The project took the image of Kannada Braille script and segmented the image in
to line by using the relative position of the dots.  After line
segmentation was done, Braille characters were separated using inter character
distance parameter. The recognized Braille character was translated into Kannada
alphabet and saved in a document. The methodology used in this paper
achieved more than 98% accuracy.

Ravi et.al 8 projected
a research to convert hand punched Kannada Braille Characters using knowledge
based multi decision method. Braille dots were carefully separated depending on the location of the dots. The inter character
distance was used to group the dots into a word box. The system was designed to
recognize the braille dot and it was converted to Kannada character.

Bijet et.al
9 presented a research work to convert Odia, Hindi, Telugu
and English braille documents into its corresponding language.
The algorithm used the
technique of histogram analysis, segmentation, pattern recognition, letter
arrays, data base generation with testing in software and dumping in using
Spartan 3e FPGA kit which defined the dot patterns for the alphabets.

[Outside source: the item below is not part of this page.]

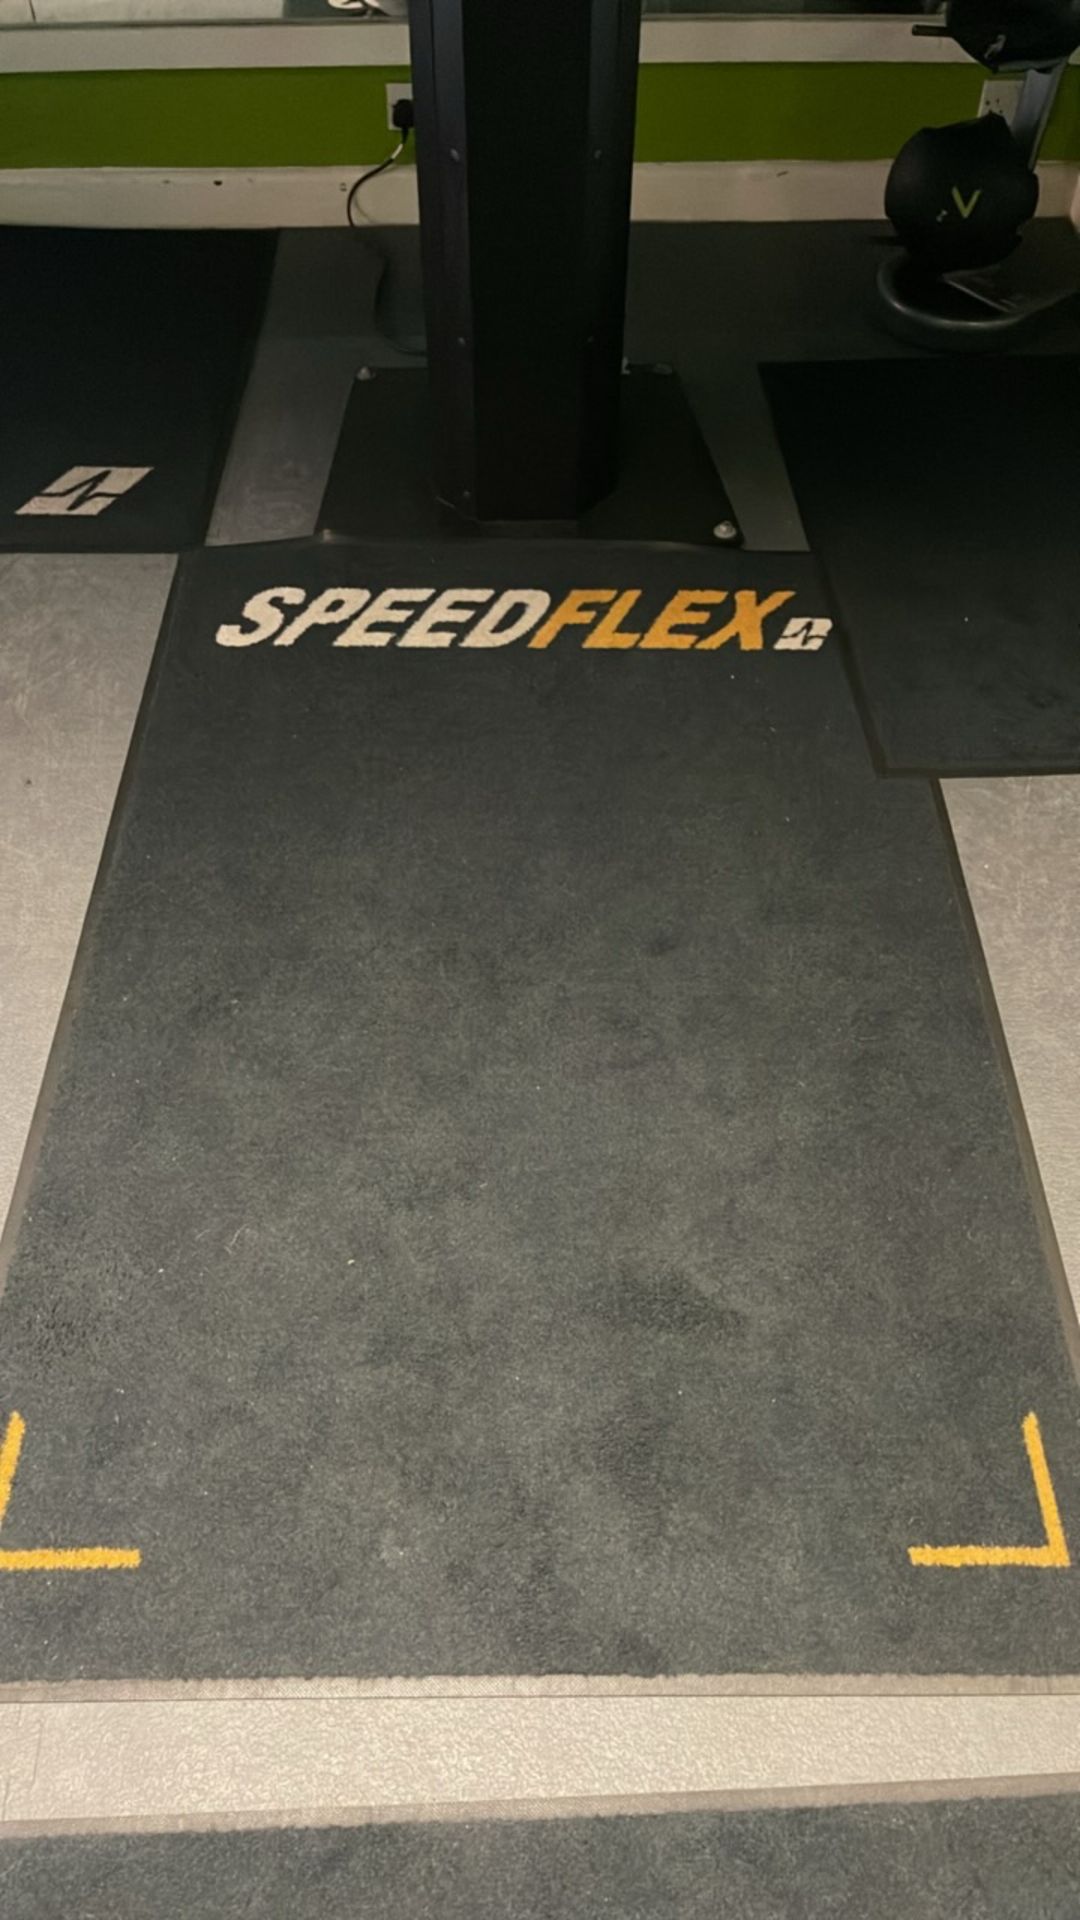 SpeedFlex Station - Image 5 of 6
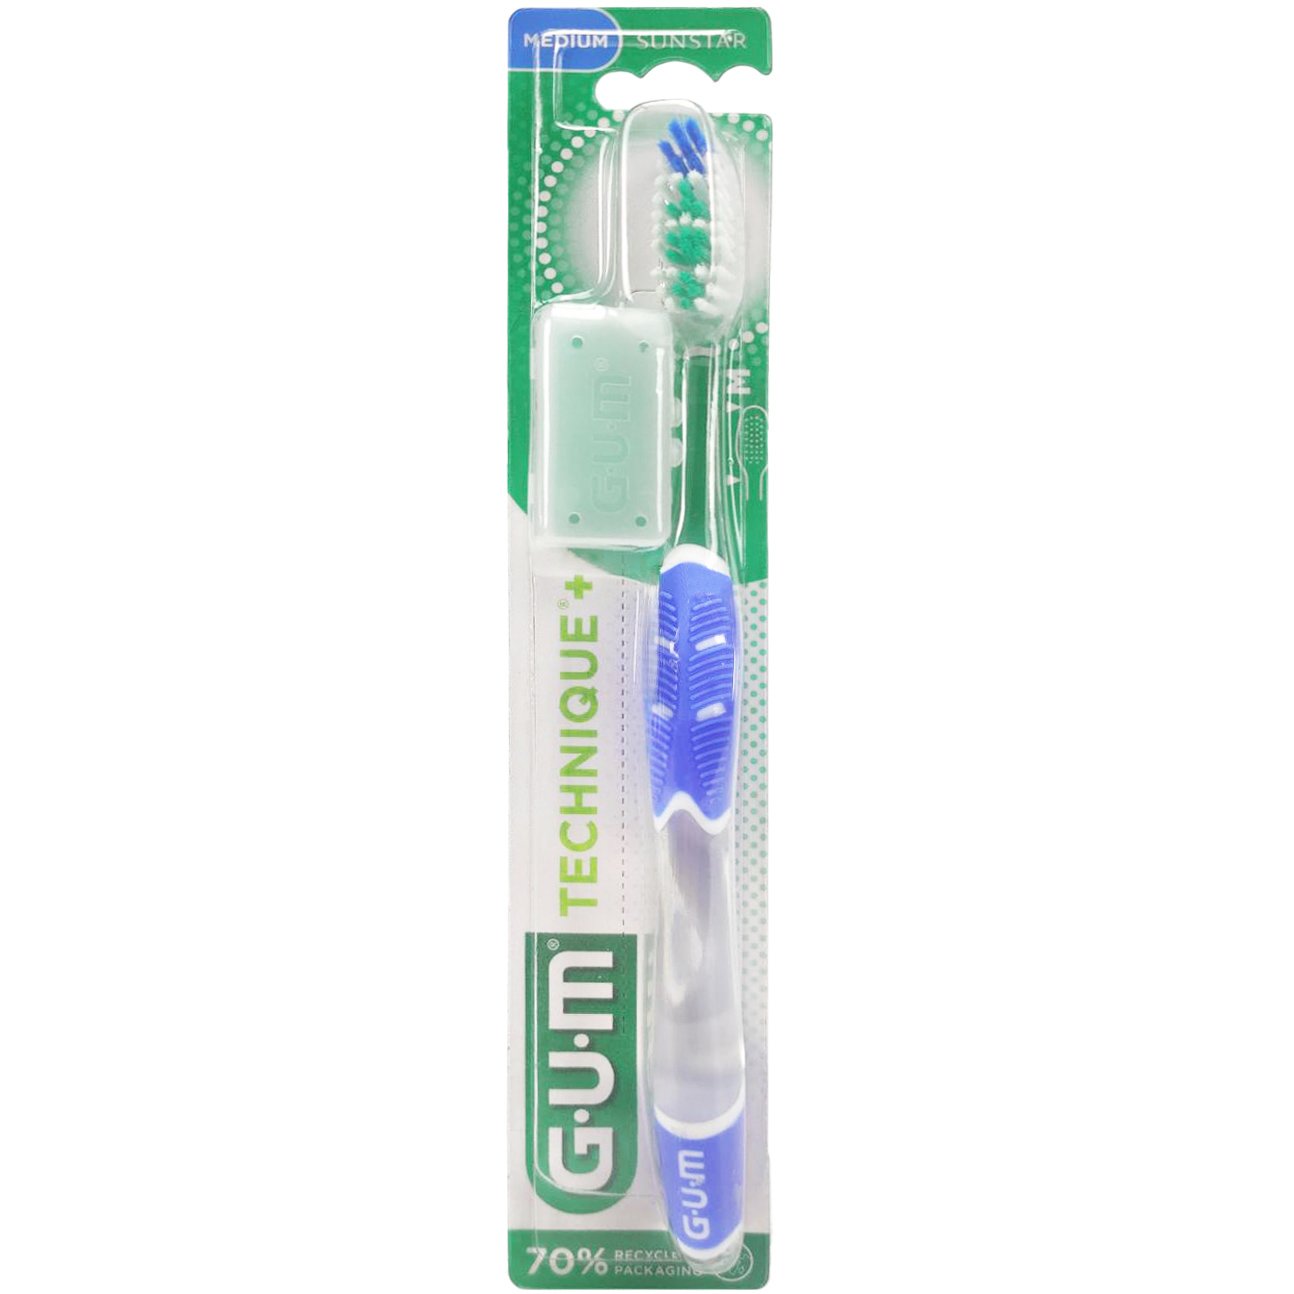 Gum Technique+ Medium Toothbrush Χειροκίνητη Οδοντόβουρτσα με Μέτριες Ίνες 1 Τεμάχιο, Κωδ 492 – Μπλε

Sudhir Rao et al. 10 proposed a research work to convert Kannada Braille document taken by a
camera, into Kannada script or audio. As a first step the color image of input
image was converted to unicolor
space for processing. An automated thresholding algorithm was applied to
get the area of interest and segmentation technique was applied and recognition
of letter was done based
on highlighted dot in Braille document.  All algorithms were implemented for a Xilinx
Spartan 3E FPGA using Verilog HDL language and
were executed in real time. An accuracy of over 94% was attained in Braille
segmentation and detection.

Ann Jose et.al 11 projected a
work on changing the Malayalam Braille document to text and concatenative
speech synthesis
technique was used for speech conversion. The image was captured by CMOS image
sensor and then the image was converted to binary image by calculating the
threshold using histogram analysis. Filtering technique was applied to remove
the noise. The row and column grouping of dots was done based on the spacing
between dots to identify the Braille cell. Presence of dot will be represented
as 1 and absence as 0 and a six-digit binary number was generated. Using this
binary number Malayalam character mapping was done and speech synthesizer was
used for audio conversion.